Actionable comments posted: 4

🧹 Nitpick comments (12)
recipes/README.md (1)

9-9: DeepSeek‑R1 marked deployable: confirm docs reflect both single‑node and multi‑node variants.

Row looks good. Consider clarifying the “Mode” to indicate both single‑node and multi‑node disagg variants are supported, and ensure prerequisites mention access to sglang runtime images (not just vLLM).

recipes/deepseek-r1/model_cache/model-cache.yaml (3)

8-13: PVC RWX + 1 TiB: verify storage class supports ReadWriteMany and quota.

Many clusters’ default storage classes don’t support RWX. Please confirm your chosen StorageClass provides RWX and adequate throughput for concurrent decode/prefill mounts. Adjust size if your model/variants exceed 1 TiB.


1-13: Add missing newline at EOF.

Fix YAML lint error.

   storageClassName: "your-storage-class-name"
+

5-7: Optional: set namespace explicitly.

If these manifests aren’t always applied with -n, add metadata.namespace to avoid surprises.

 metadata:
   name: model-cache
+  namespace: ${NAMESPACE}
recipes/deepseek-r1/sglang-wideep/tep16p-dep16d-disagg.yaml (4)

66-66: Bootstrap port likely to collide if both variants run concurrently.

Use distinct ports per deployment to avoid cross‑talk.

-              --disaggregation-bootstrap-port 30001
+              --disaggregation-bootstrap-port 30011

(Apply to both decode and prefill.)

Also applies to: 108-108


16-23: Probe timeouts are excessively high.

timeoutSeconds: 1800 makes each failed probe wait 30 minutes. Prefer shorter timeouts with higher failureThreshold to keep kubelet responsive during long inits.

-            periodSeconds: 10
-            timeoutSeconds: 1800
-            failureThreshold: 60
+            periodSeconds: 10
+            timeoutSeconds: 30
+            failureThreshold: 120

Also applies to: 41-47, 85-91


55-67: HF token handling: confirm secret injection.
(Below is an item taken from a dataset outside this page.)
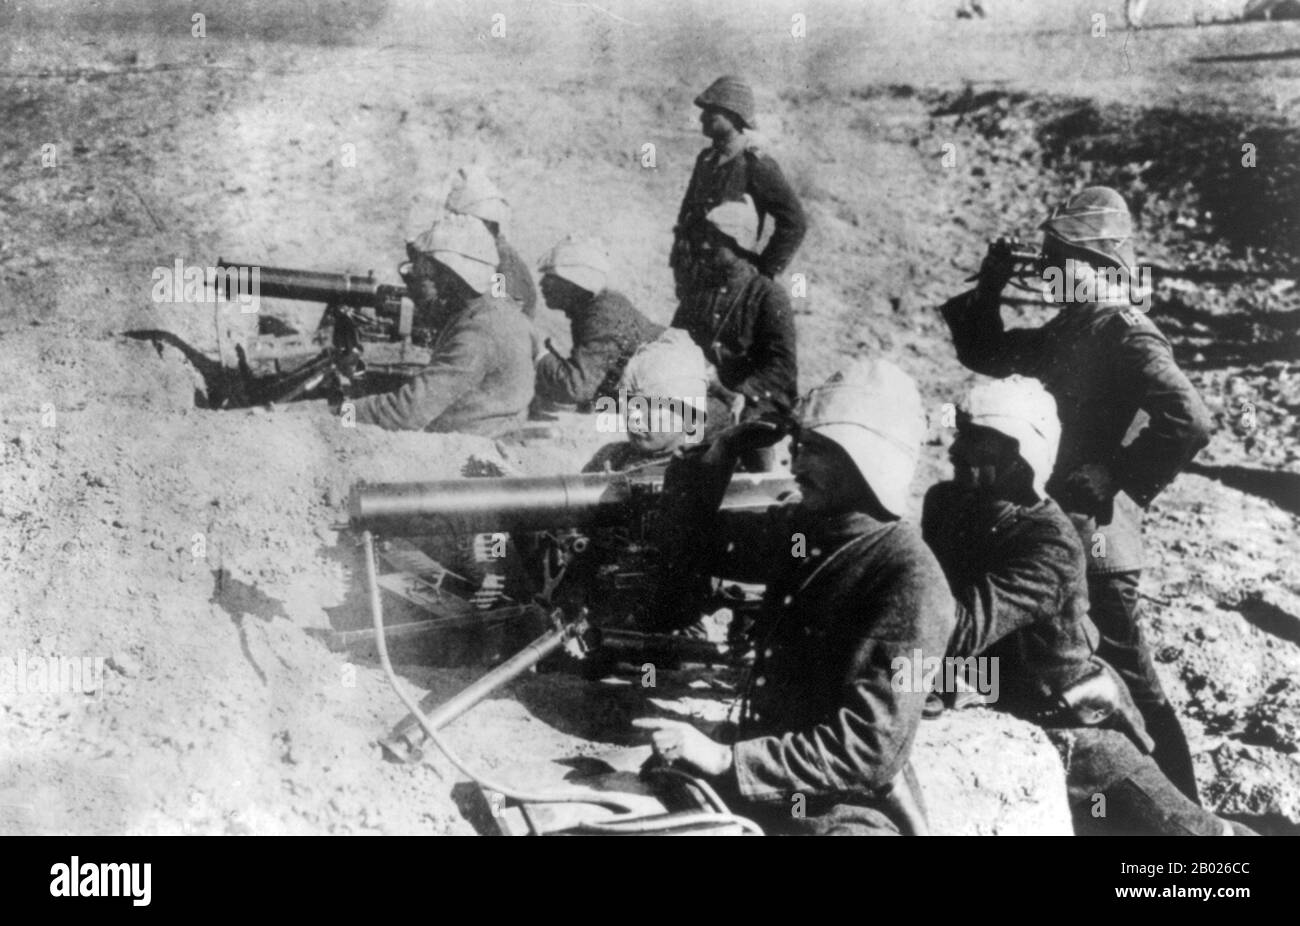 Die Gallipoli-Kampagne, auch bekannt als Dardanellen-Kampagne oder Schlacht von Gallipoli oder Schlacht von Çanakkale (türkisch: Çanakkale Savaşı), fand auf der Halbinsel Gallipoli im Osmanenreich (heute Gelibolu in der heutigen Türkei) zwischen dem 25. April und dem 9. Januar des Jahres 1916 während des Ersten Weltkriegs statt. Eine gemeinsame britische und französische Operation wurde durchgeführt, um die osmanische Hauptstadt von Istanbul (Istanbul) zu erobern und einen Seeweg nach Russland zu sichern. Der Versuch scheiterte mit schweren Verletzten auf beiden Seiten. Die Kampagne galt als einer der größten Siege der Türken und spiegelte sich wider Stockfoto

README mentions “envFromSecret: hf-token-secret”, but this CR doesn’t reference it. If the operator doesn’t inject it globally, add the secret reference per service.

Also applies to: 99-109


109-109: Add missing newline at EOF.

Fix YAML lint error.

               --mem-fraction-static 0.8
+
recipes/deepseek-r1/sglang-wideep/tep8p-dep8d-disagg.yaml (4)

64-64: Bootstrap port likely to collide if both variants run concurrently.
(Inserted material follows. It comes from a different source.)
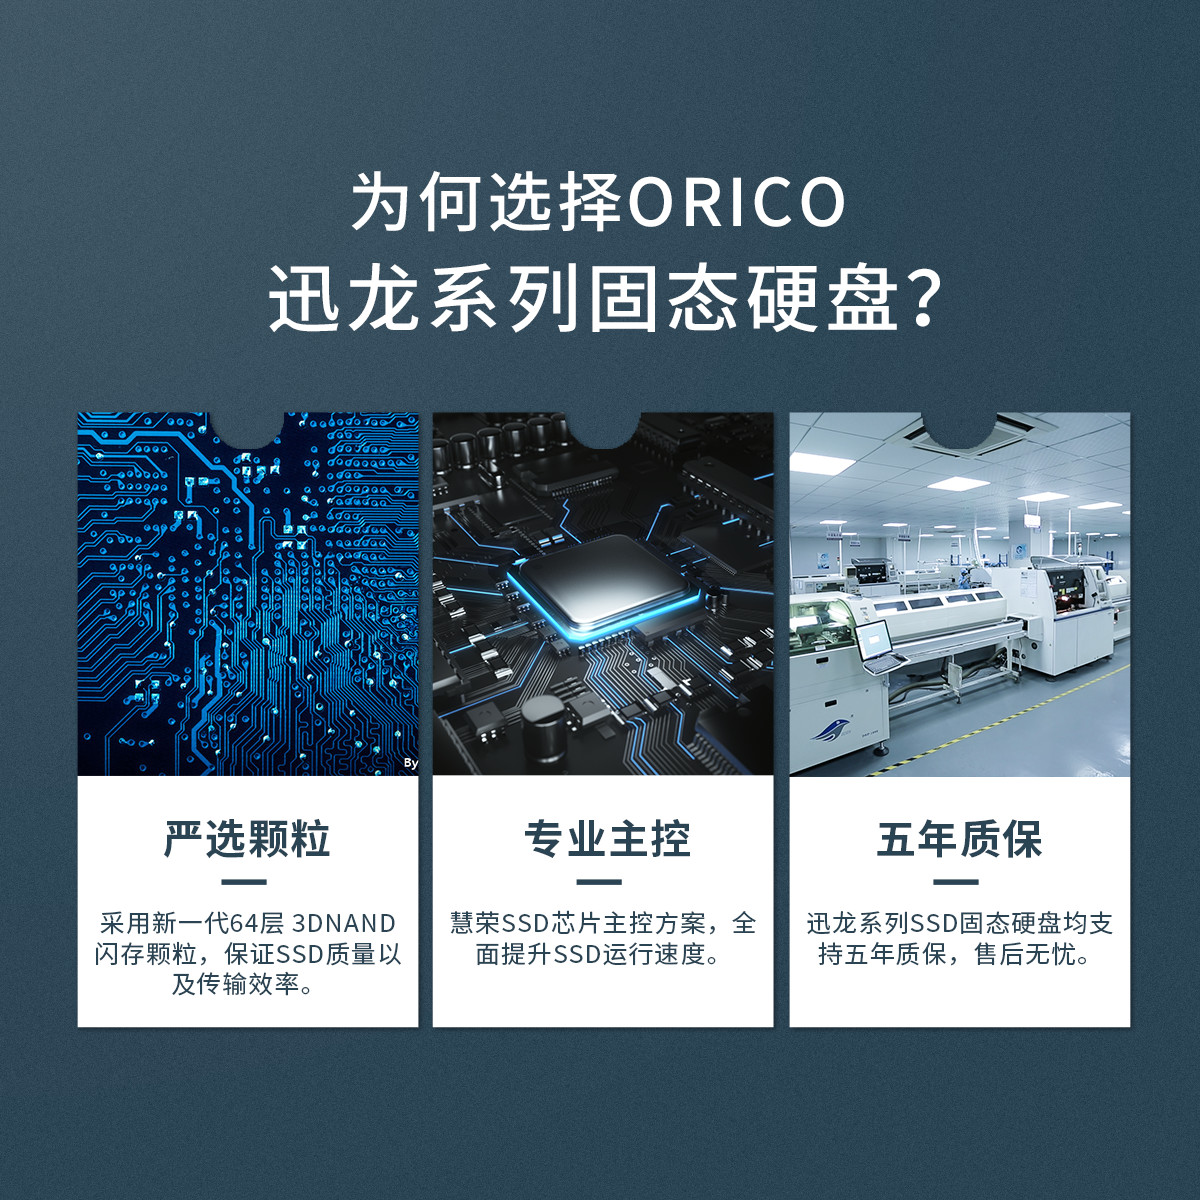 Orico 迅龙固态硬盘支持五年质保，售后无忧

Use a different port than the 16p deployment to avoid interference.

-              --disaggregation-bootstrap-port 30001
+              --disaggregation-bootstrap-port 30001  # keep 30001 for 8p if 16p uses 30011

Also applies to: 103-103


37-45: Probe timeouts are excessively high.
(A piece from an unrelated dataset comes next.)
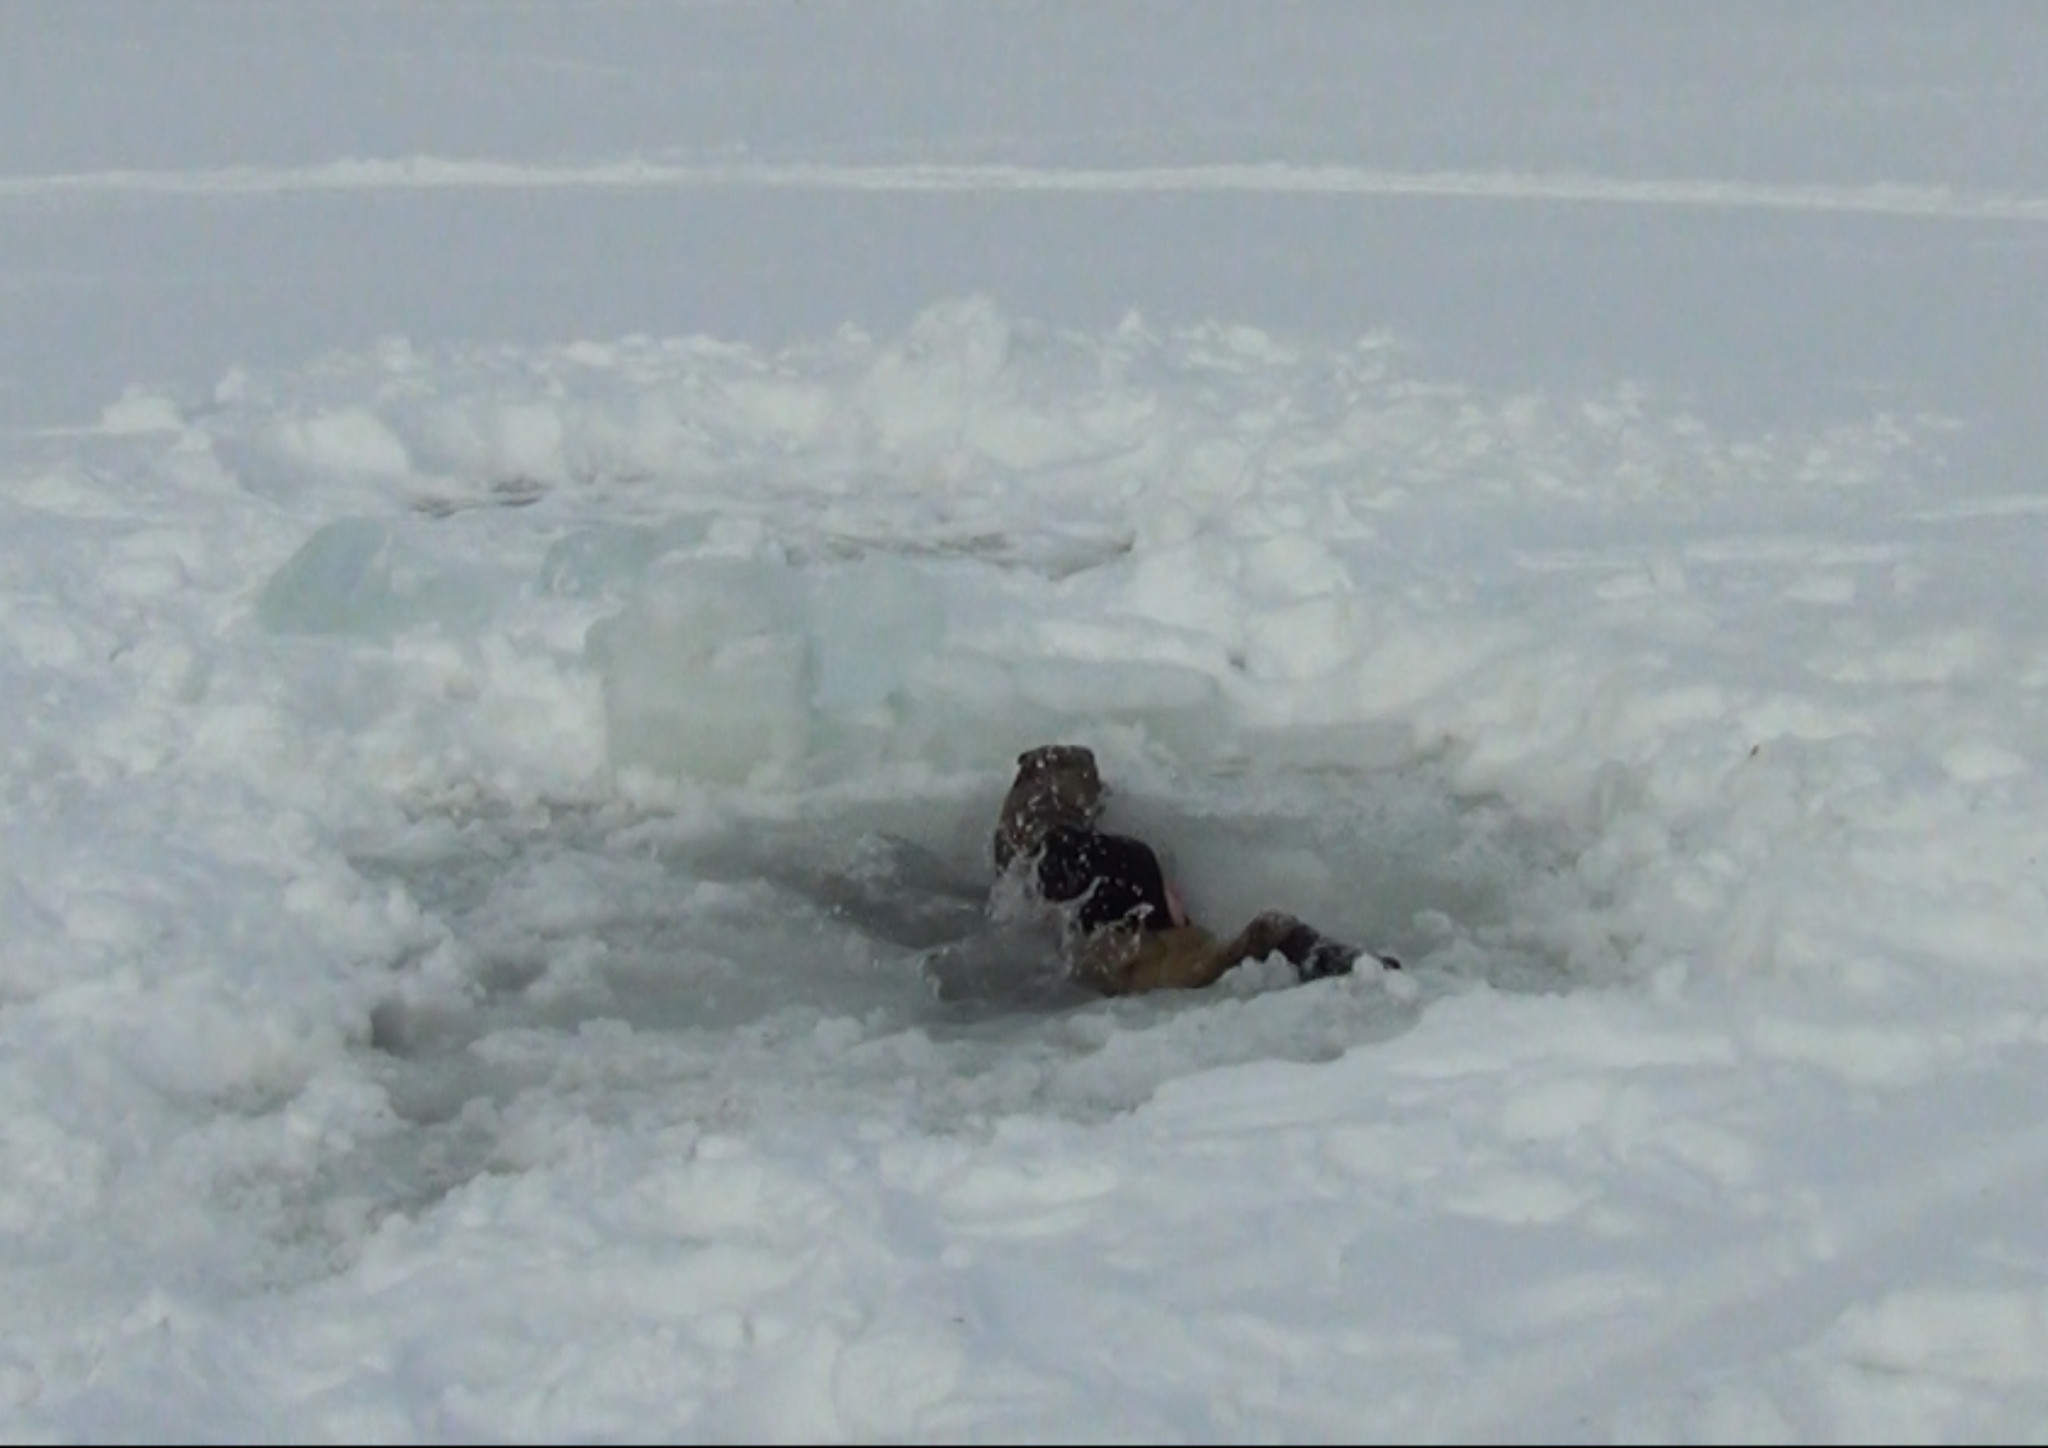 Трагедия: житель Марий Эл утонул, провалившись под лед

Shorten timeoutSeconds and raise failureThreshold instead.

-            periodSeconds: 10
-            timeoutSeconds: 1800
-            failureThreshold: 60
+            periodSeconds: 10
+            timeoutSeconds: 30
+            failureThreshold: 120

Also applies to: 79-86, 16-23


52-65: HF token handling: confirm secret injection.

CR doesn’t reference hf-token-secret. If required for model pulls, add or ensure it’s injected by the operator.

Also applies to: 93-103


103-103: Add missing newline at EOF.

Fix YAML lint error.

               --disaggregation-bootstrap-port 30001
+
📜 Review details

Configuration used: Path: .coderabbit.yaml

Review profile: CHILL

Plan: Pro

📥 Commits

Reviewing files that changed from the base of the PR and between 86ce03f and 125ab73.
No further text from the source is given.